Senada dengan Muchlis, Taufik melihat pentingnya komunikasi awal dalam menjalin hubungan dengan para petugas di Mu’aishim. Karenanya, keberadaan Naif memang cukup signifikan. Selain bisa berbahasa Arab, menurut Taufik, Naif juga tidak mudah menyerah.
Naif (33) mengiyakan apa yang disampaikan ketua timnya, Jaetul Muchlis dan sejawatnya Taufik. Dia mengaku dengan orang Arab itu bisa seperti teman, meski orang Arab sering kaget ketika melihat wajahnya khas Indonesia tapi lebih lancar berbahasa Arab.
“Saya bisa gunakan bahasa Arab sehingga bisa ambil informasi. Saya bilang mau data ini langsung dikasih. Itu karena ada kemampuan bahasa, apalagi saya juga tahu sifat orang Arab,” terangnya.
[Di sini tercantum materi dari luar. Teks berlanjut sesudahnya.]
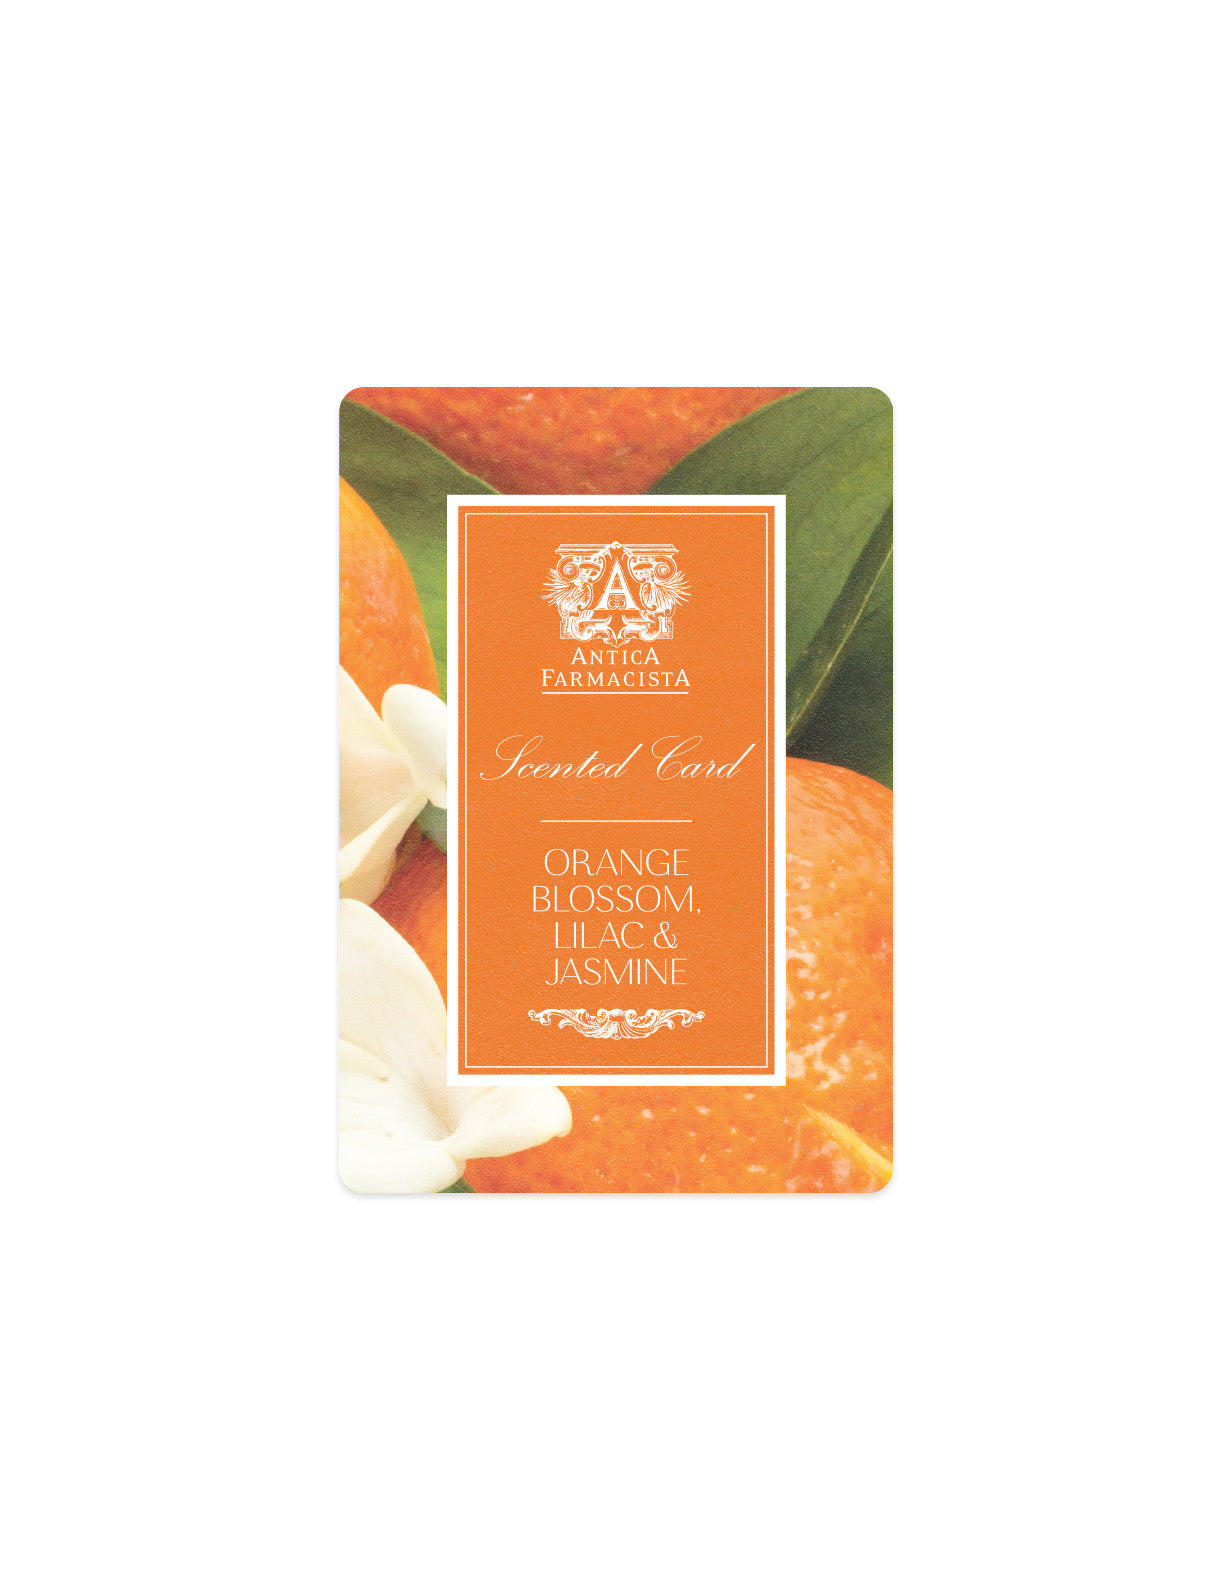 GWP - Scented Card - Orange Blossom, Lilac & Jasmine
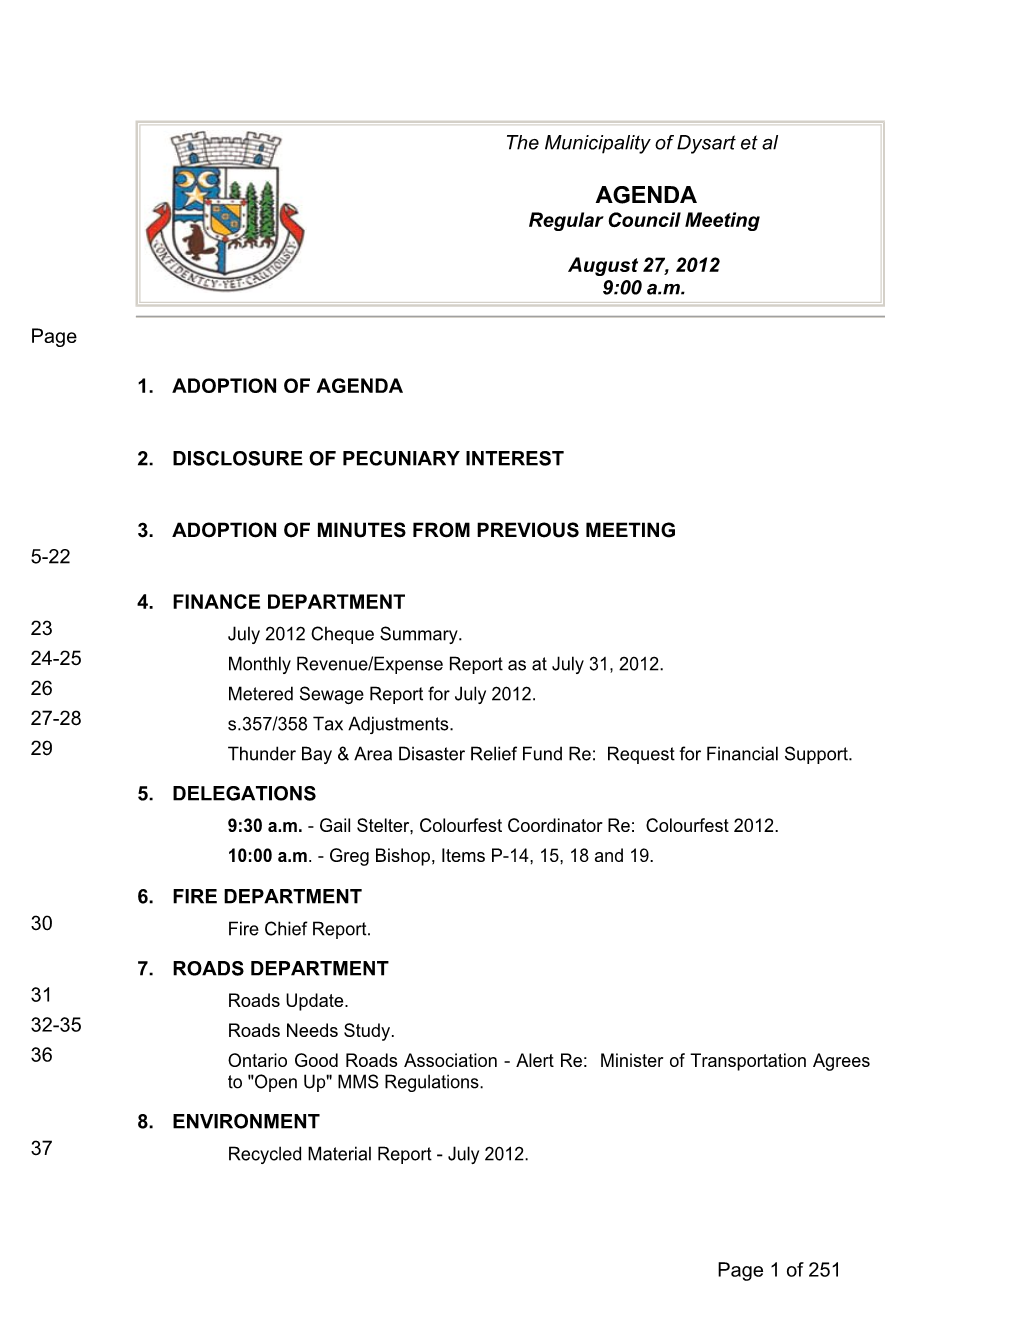 AGENDA Regular Council Meeting

Naif sadar betul kalau kemampuan bahasa Arabnya bisa dimanfaatkan untuk melakukan pendekatan awal. Langkah selanjutnya adalah membantu pekerjaan orang Arab karena mereka senang kalau dibantu.
“Saya tahu orang Arab, kalau kita mau bantuin, dia suka. Orang Arab di sini senang kalau kita bantu. Misalnya, kita bantu pekerjaan mereka mengarsip dokumen, dia suka. Ya sudah kita bisa sekalian ambil data yang kita mau, tuturnya.
Meski demikian, Naif mengaku kendala tetap saja ada. Kalau ada masalah, dia pun mencoba mencari jalan lain. Kalau bertemu dengan satu petugas yang sulit untuk dimintai tolong, maka dia akan beralih ke petugas lainnya, begitu dan seterusnya.
“Ini enggak bisa jalan, saya cari yang lain yang bisa,” katanya.
Hasilnya, akses terhadap arsip (file) jenazah diperoleh. Berbeda dengan gedung galeri foto, tempat penyimpanan file ini berada pada gedung yang sama dengan tempat pemulasaraan jenazah.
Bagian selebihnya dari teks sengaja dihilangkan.